Advocates are pushing ballot propositions in nearly a dozen states, from Idaho to New Jersey. Governors and state lawmakers who failed to pass legalization last year, notably in New York, vowed that 2020 would be different. Social distancing has put ballot drives on pause and state lawmakers are overwhelmed with the coronavirus crisis.

“People are scared. They don’t want to touch a pen or paper,” said Melissa Fults of Arkansans for Cannabis Reform. “All we can do is sit and wait.”

Even with marijuana sales spiking, the pandemic is crippling legalization efforts. “The coronavirus has impacted every signature drive,” said Matthew Schweich of the legalization advocacy group Marijuana Policy Project.

New York Gov. Andrew Cuomo, who declared that legalization would be a “top priority” this year, abandoned it when his state emerged as the epicenter of the coronavirus outbreak. Ironically, marijuana sales  are experiencing a boom in states where it’s legal, following designation of retail outlets as ‘essential’ businesses, particularly for medical marijuana.

A few states are poised to vote on marijuana: New Jersey voters will decide whether to allow recreational marijuana sales in November, and Mississippians are expected to face two competing medical marijuana referendums. Some ballot campaigns have abandoned this year’s plans and are eyeing 2022.
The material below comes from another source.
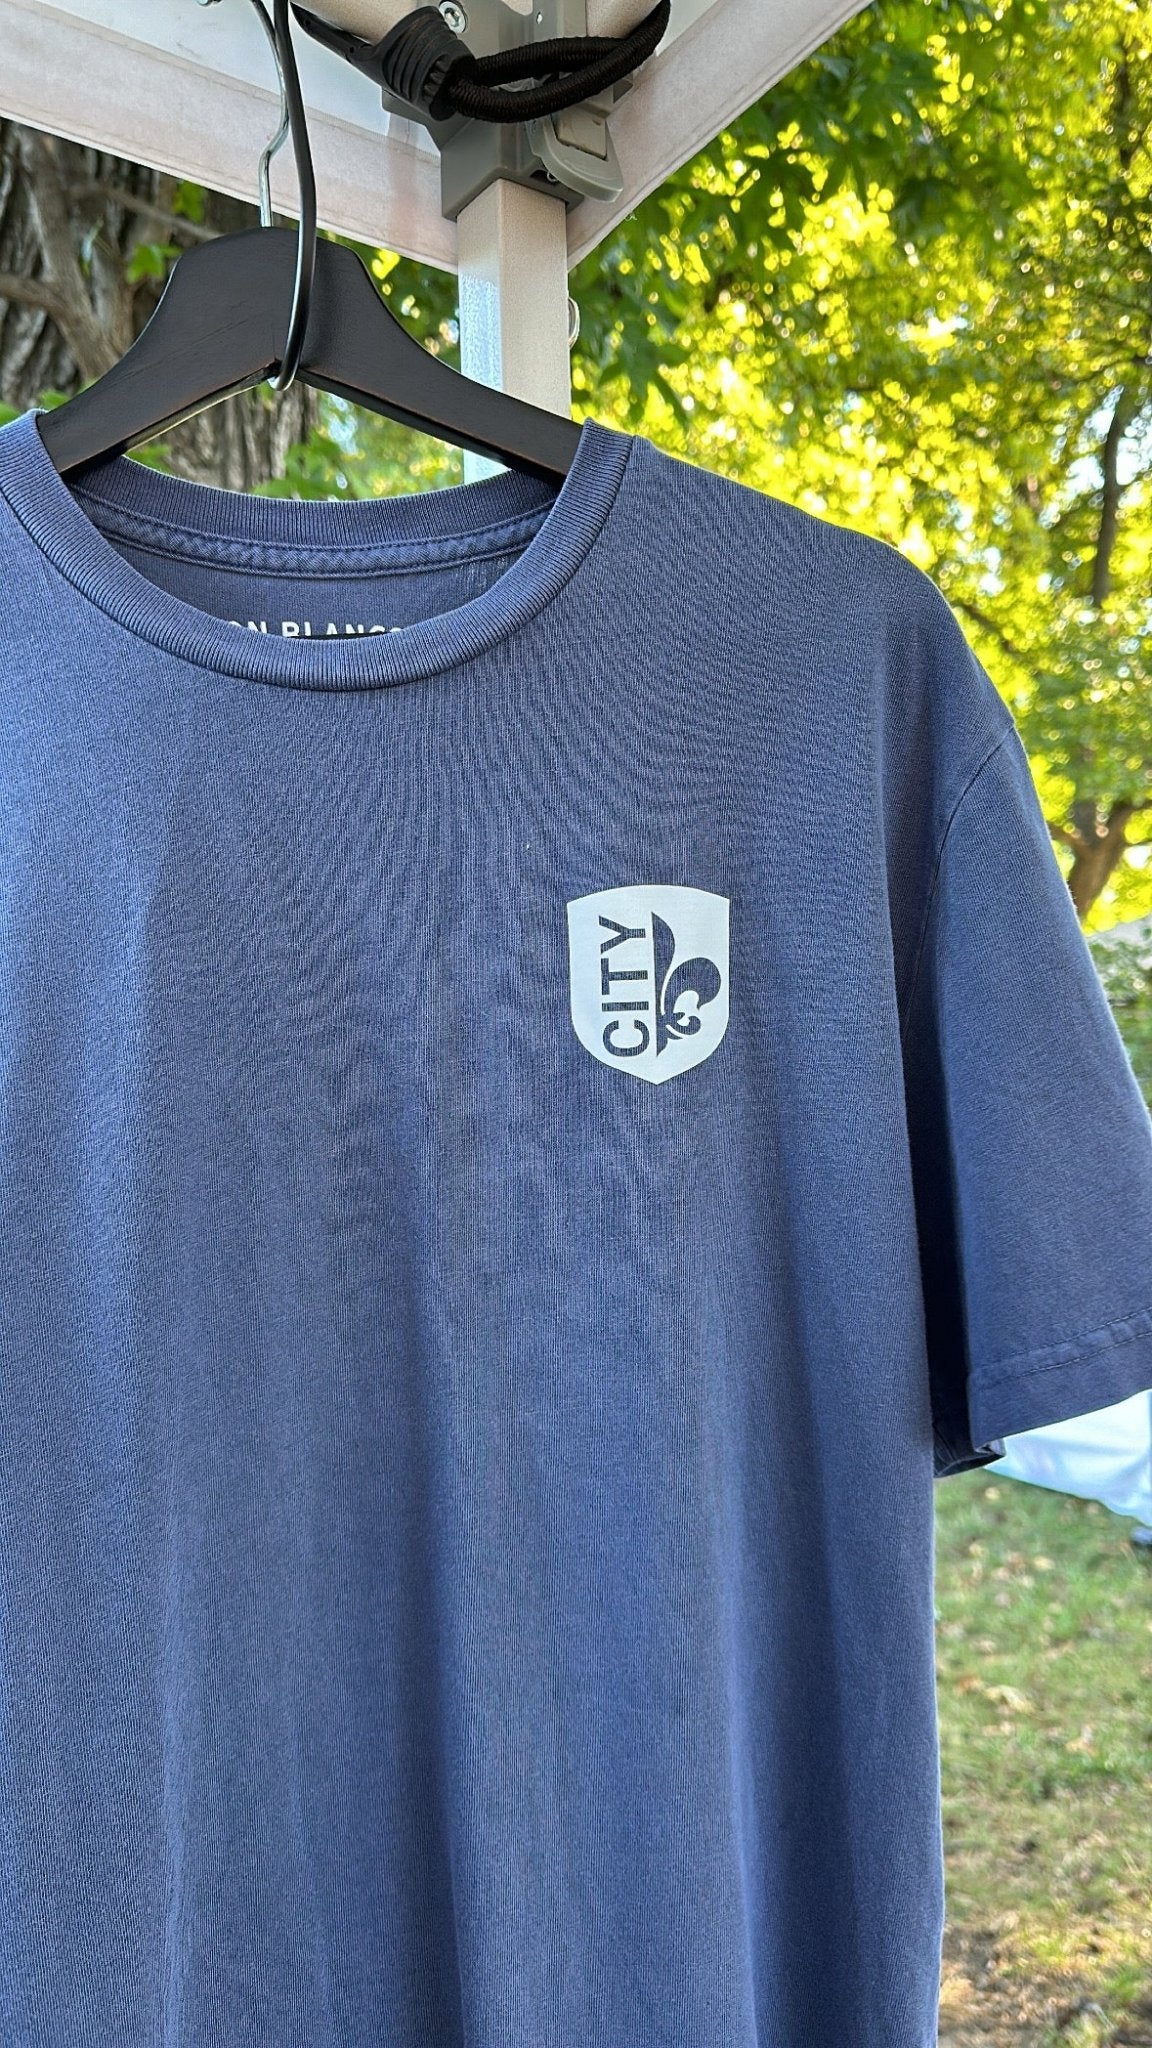 Vintage CITY Shirt (USA Made) - JON BLANCO

Anti-legalization advocates are not cheering.

“Obviously this isn’t the reason we would want legalization measures to be set back,” said Kevin Sabet of Smart Approaches to Marijuana. “Lives are on the line.”

Nearly a dozen legalization campaigns were angling for a spot on the 2020 ballot until coronavirus orders made it nearly impossible for canvassers to collect signatures. Of the campaigns still active, Smart and Safe Arizona may be the best positioned to succeed. It has collected more than 300,000 signatures, well beyond the 238,000 it needs by July 2.